- Opening Delimiter -
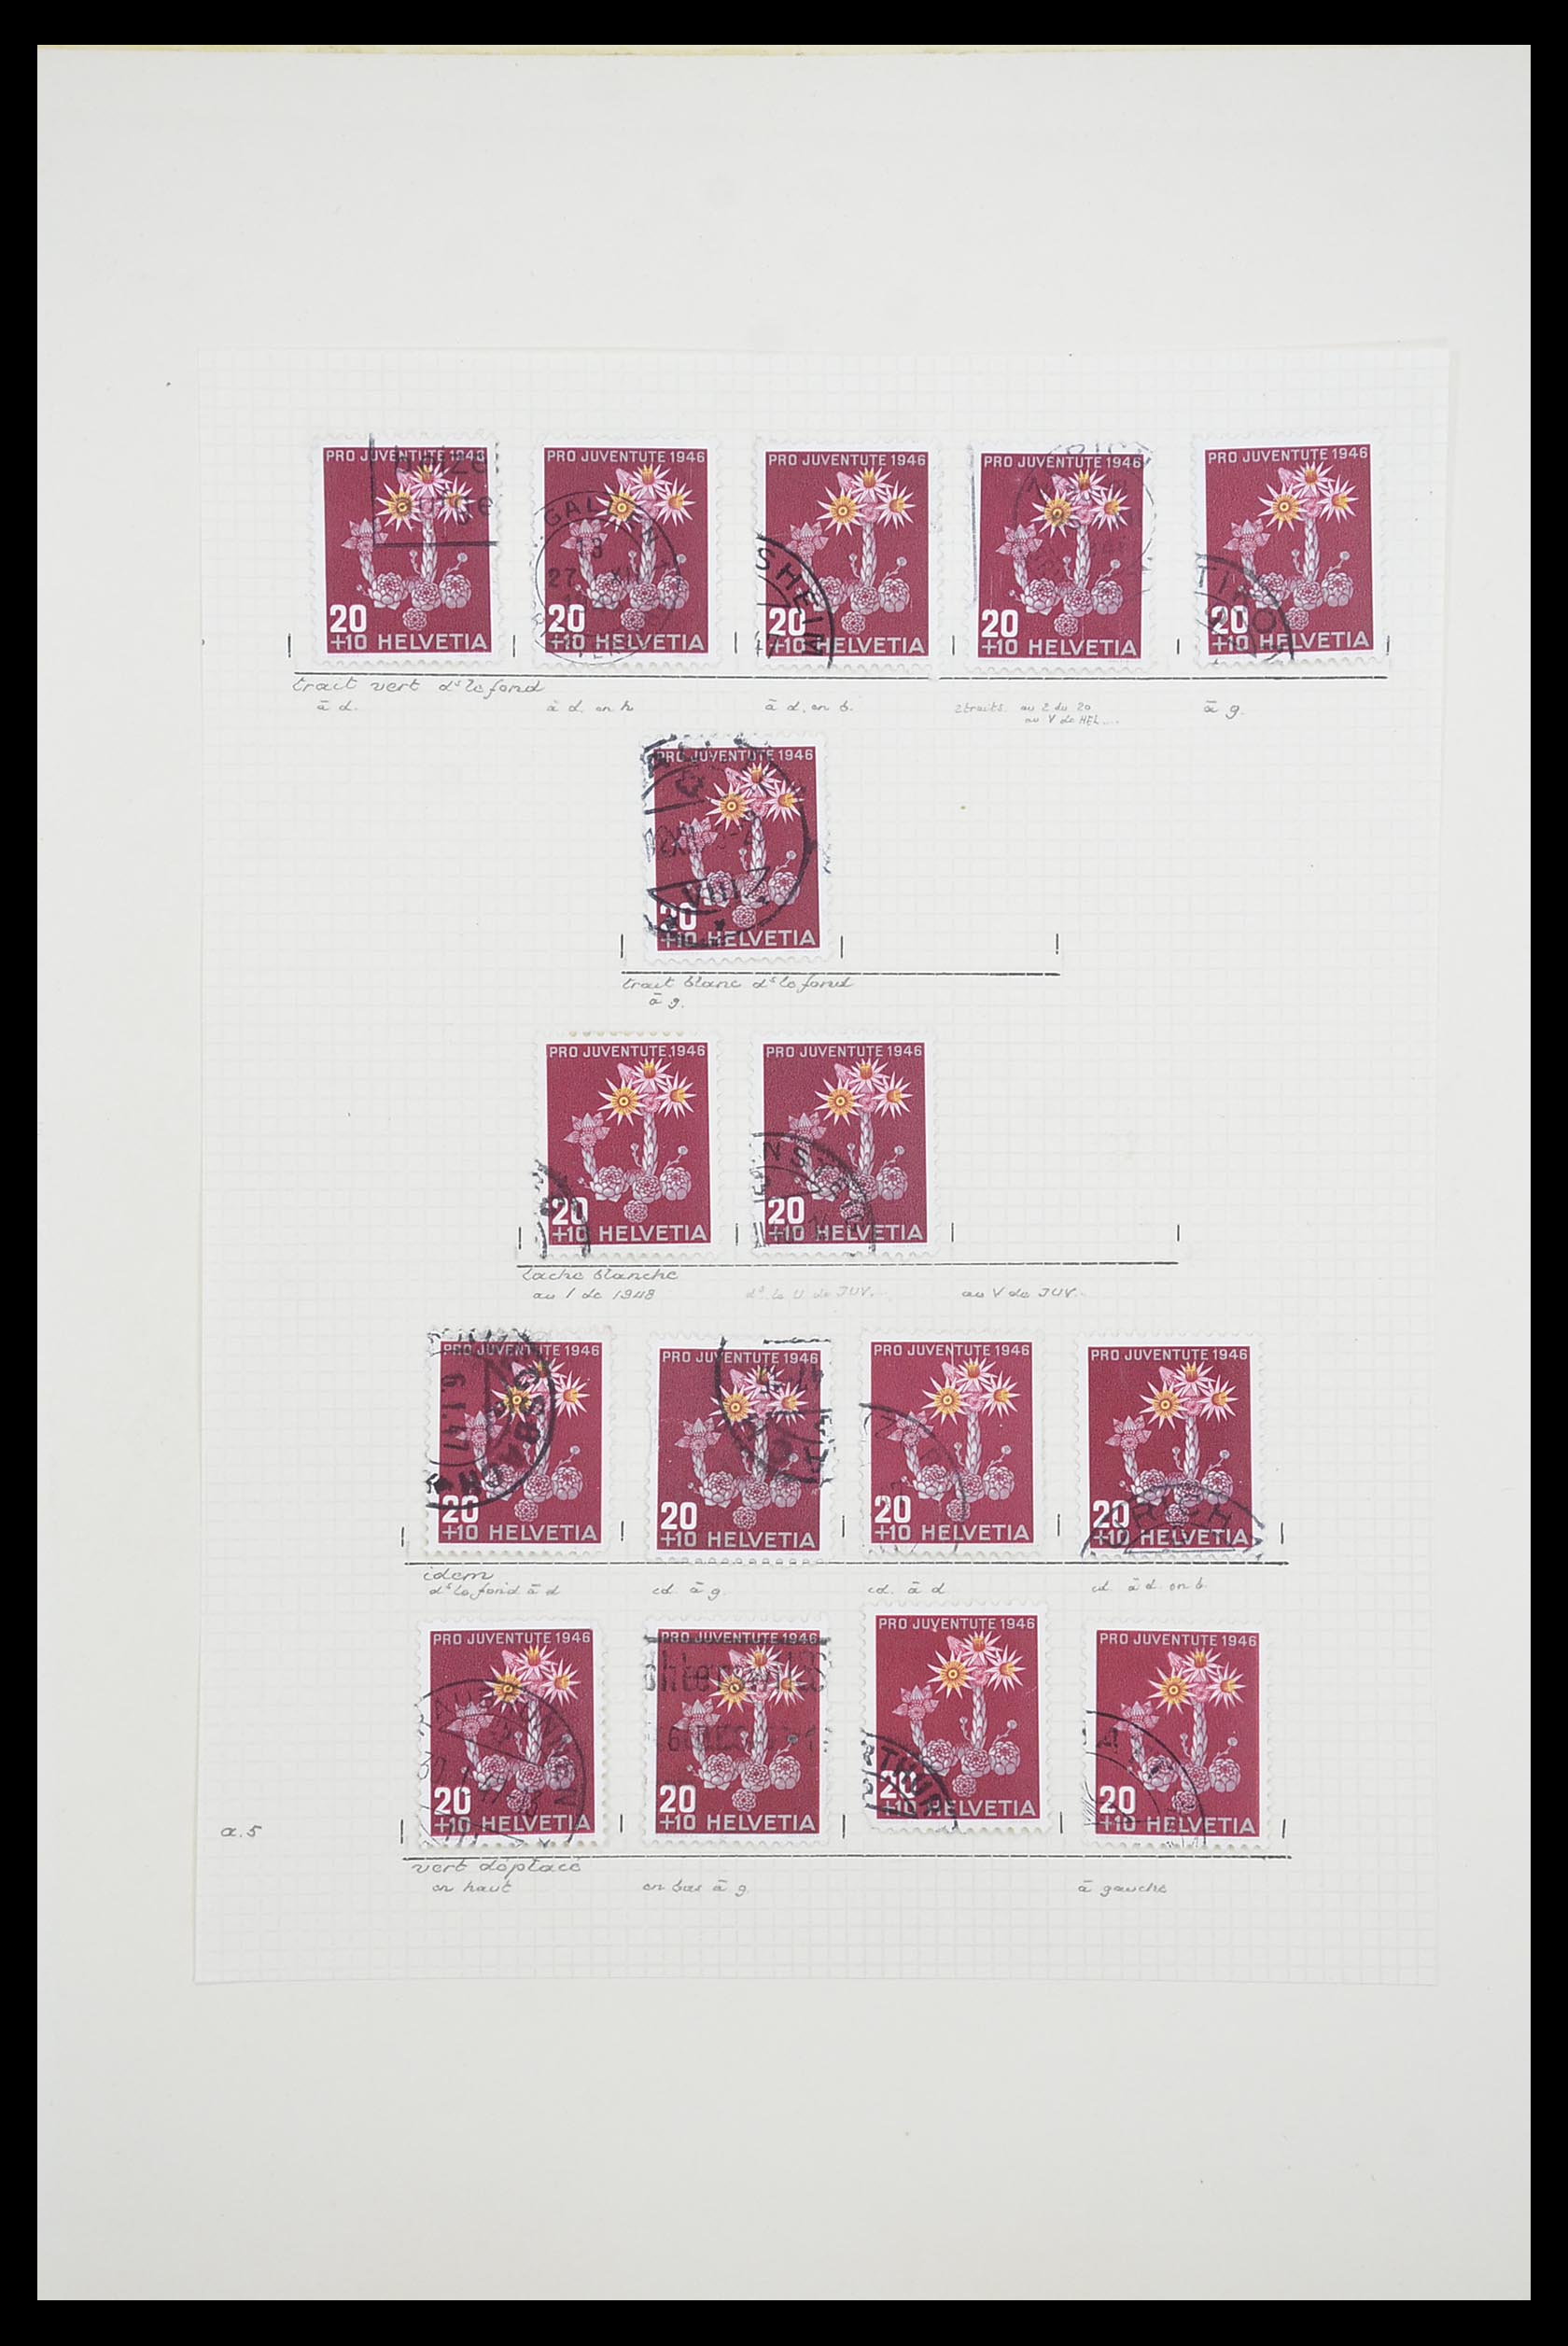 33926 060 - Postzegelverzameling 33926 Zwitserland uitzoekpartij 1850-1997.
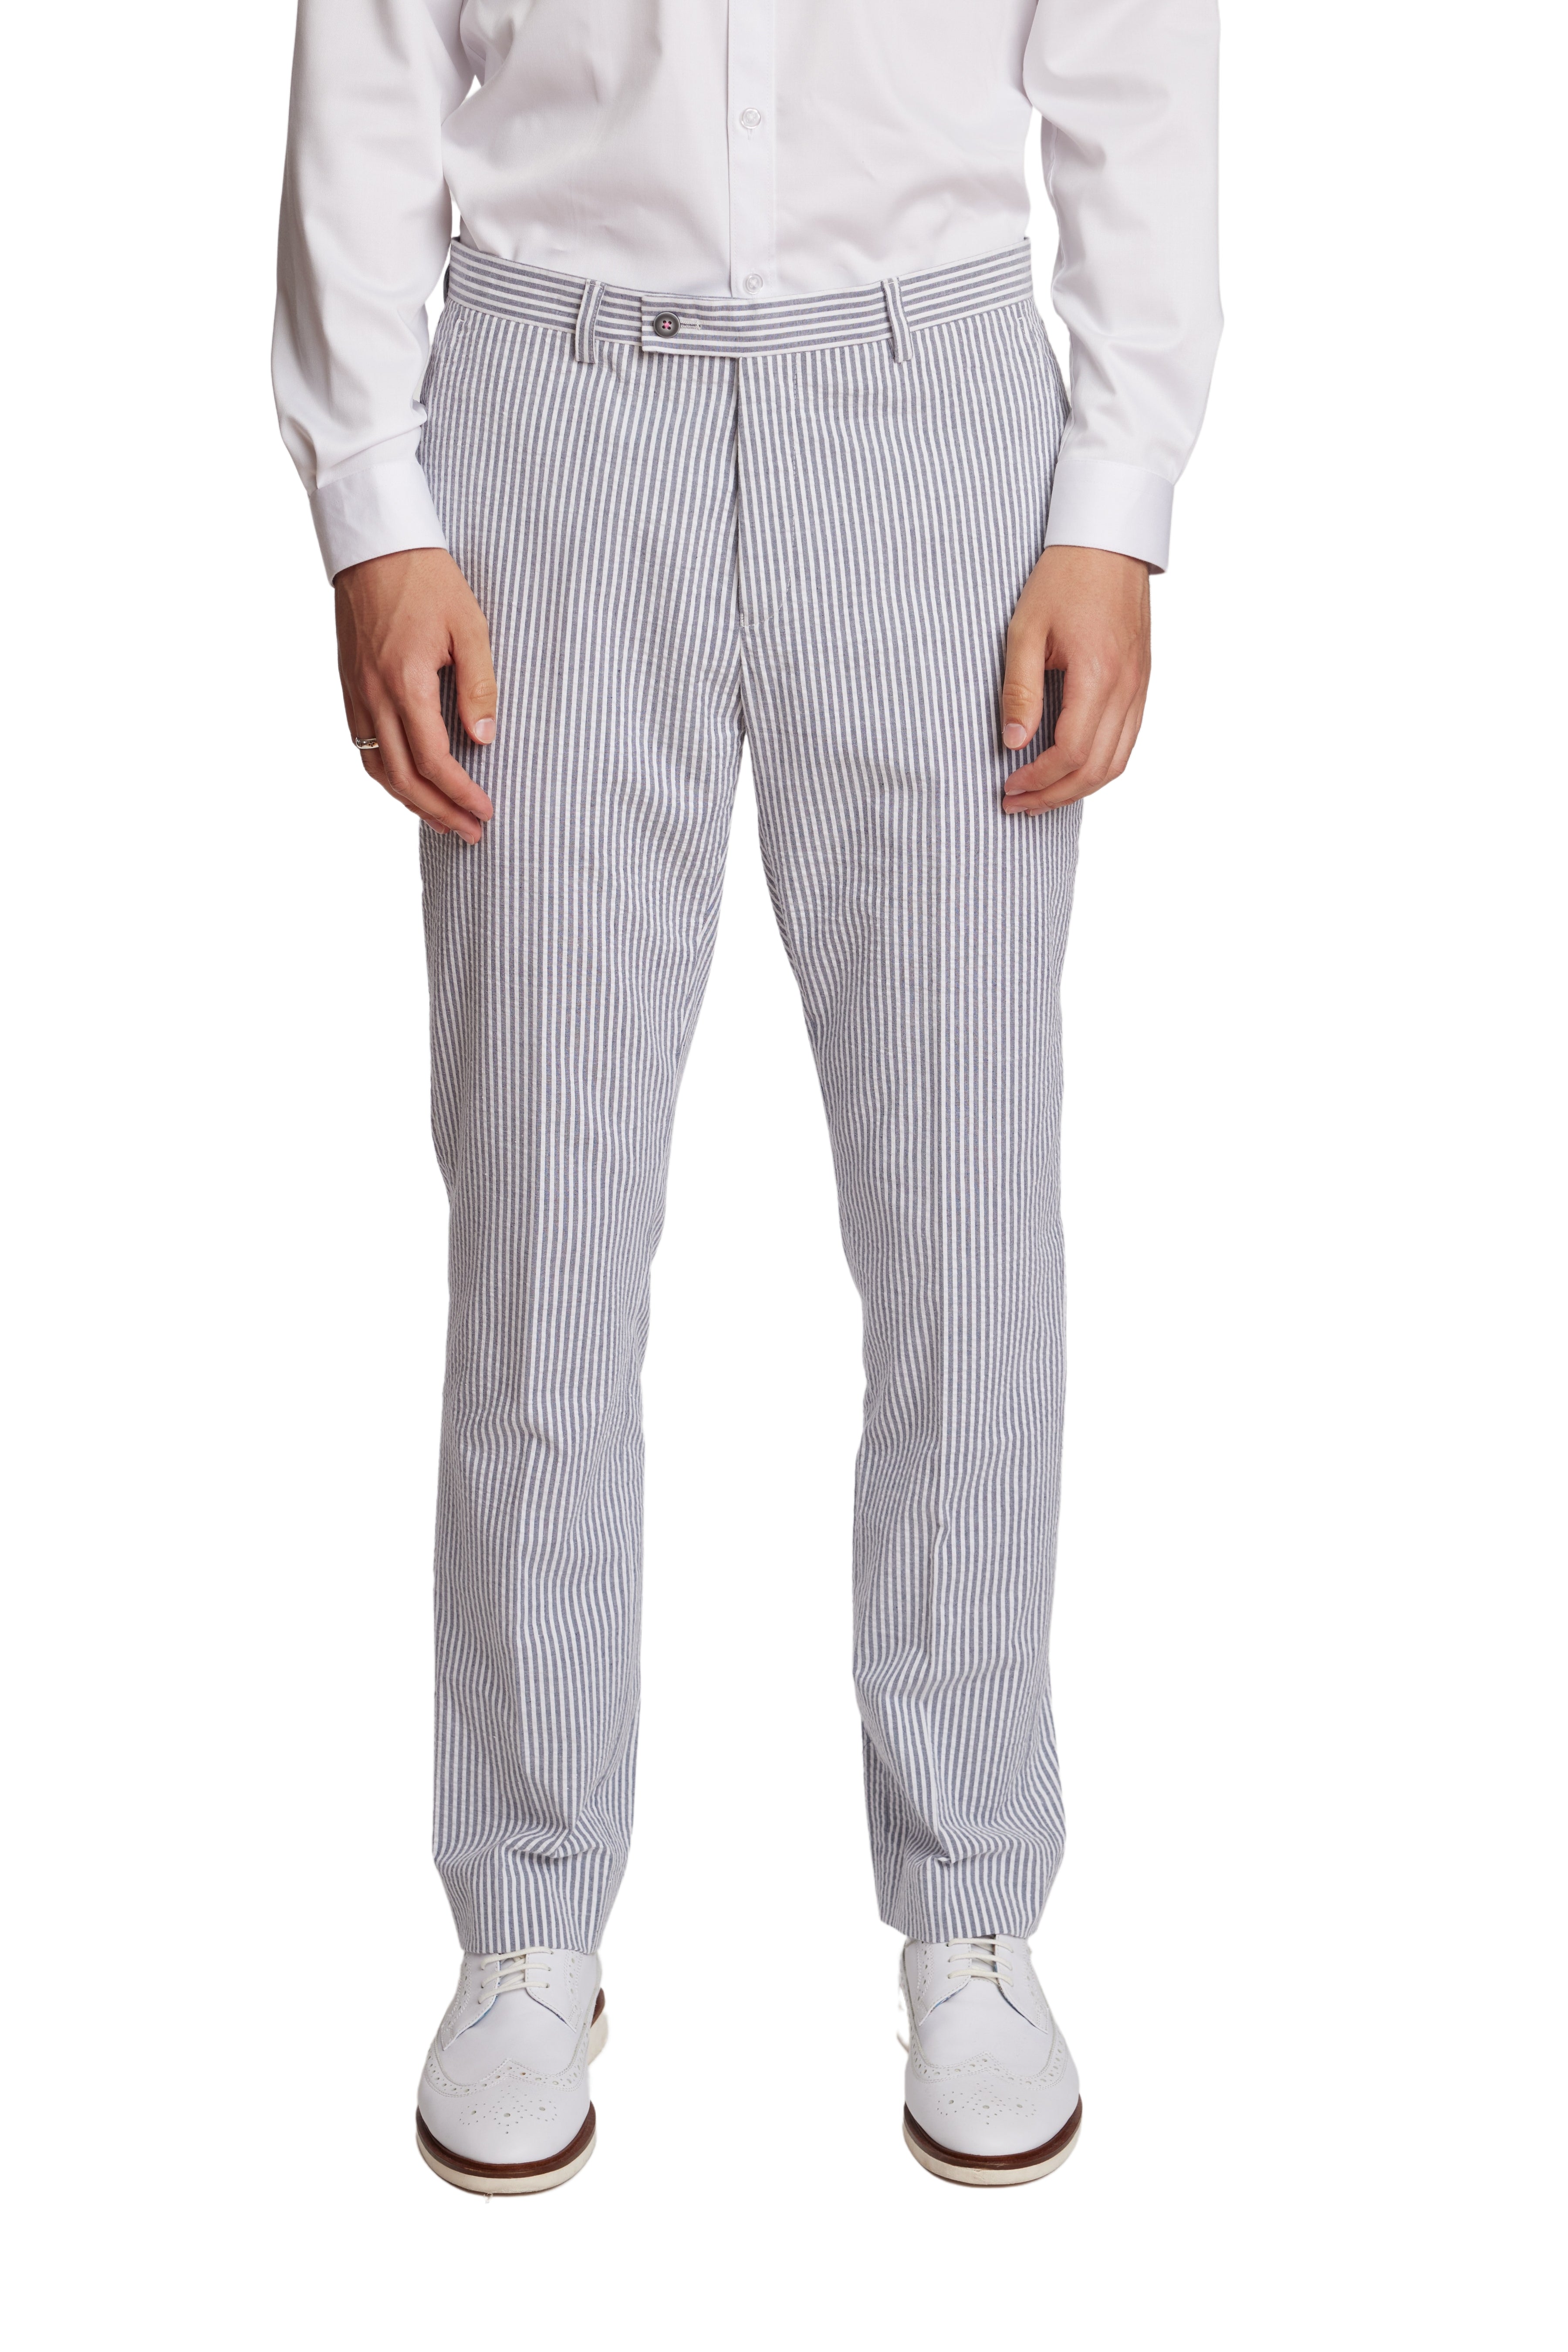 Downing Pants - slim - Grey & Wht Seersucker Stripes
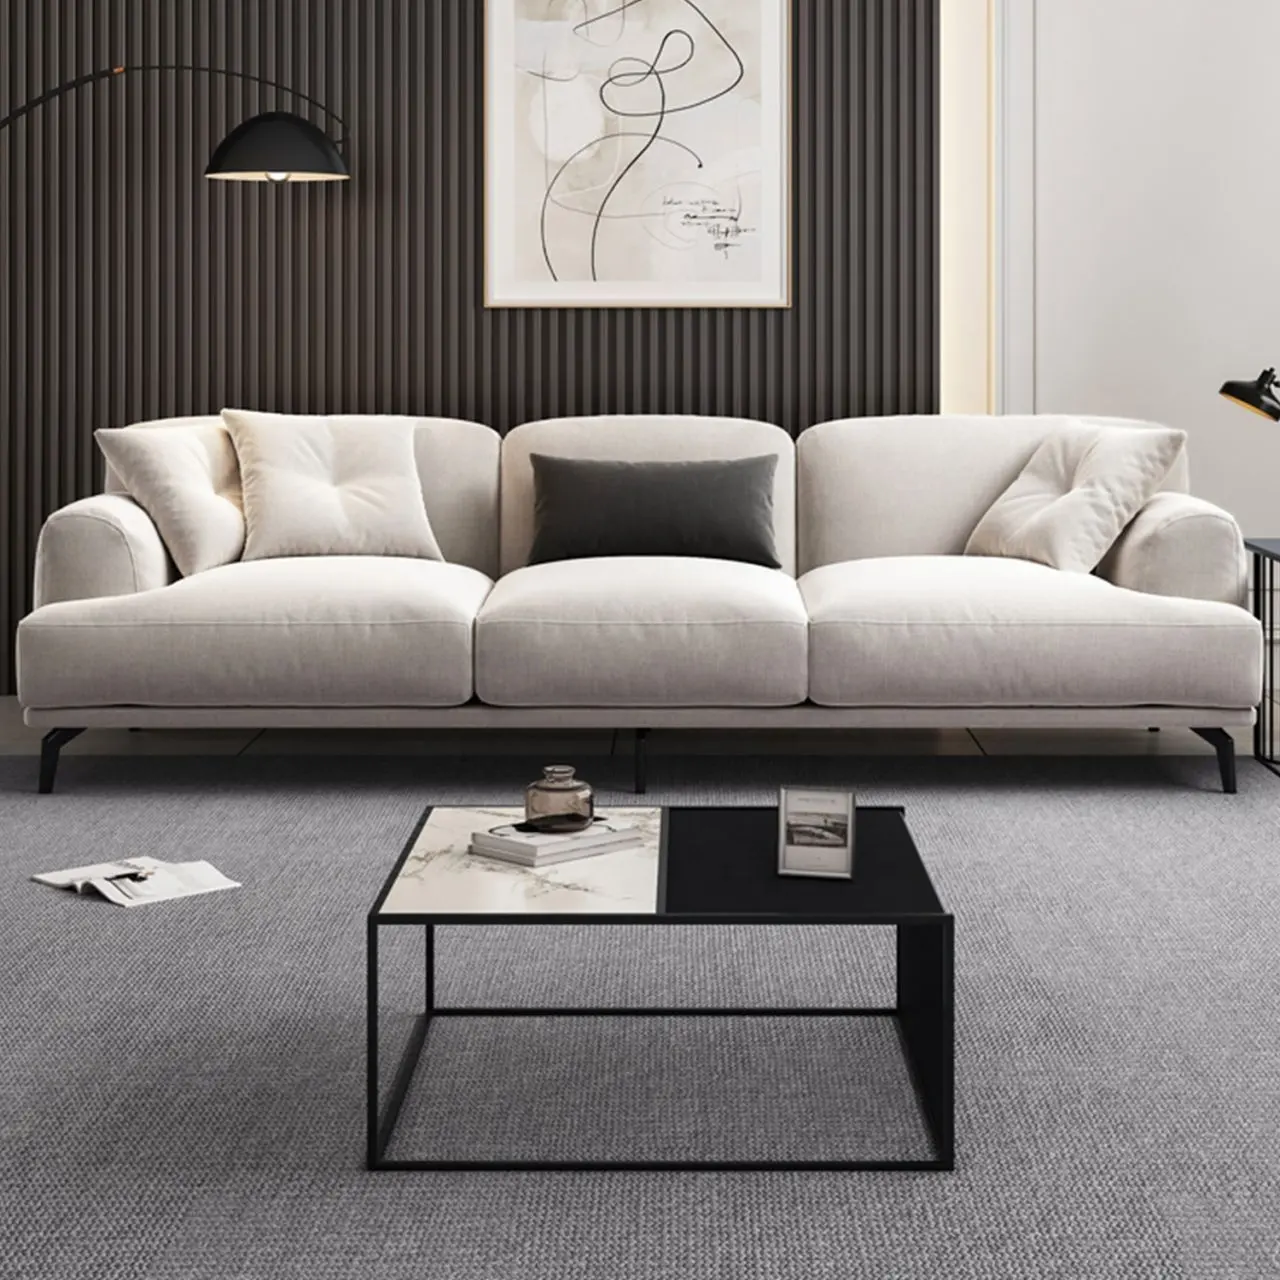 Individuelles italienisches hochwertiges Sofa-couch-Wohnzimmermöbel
- Closing Delimiter -
#### What you are asked to do
Would you transcribe the listing above line by line, exactly, leaving every picture out?

#### Problem solution
 33926 060 - Postzegelverzameling 33926 Zwitserland uitzoekpartij 1850-1997.
 Downing Pants - slim - Grey & Wht Seersucker Stripes
 Individuelles italienisches hochwertiges Sofa-couch-Wohnzimmermöbel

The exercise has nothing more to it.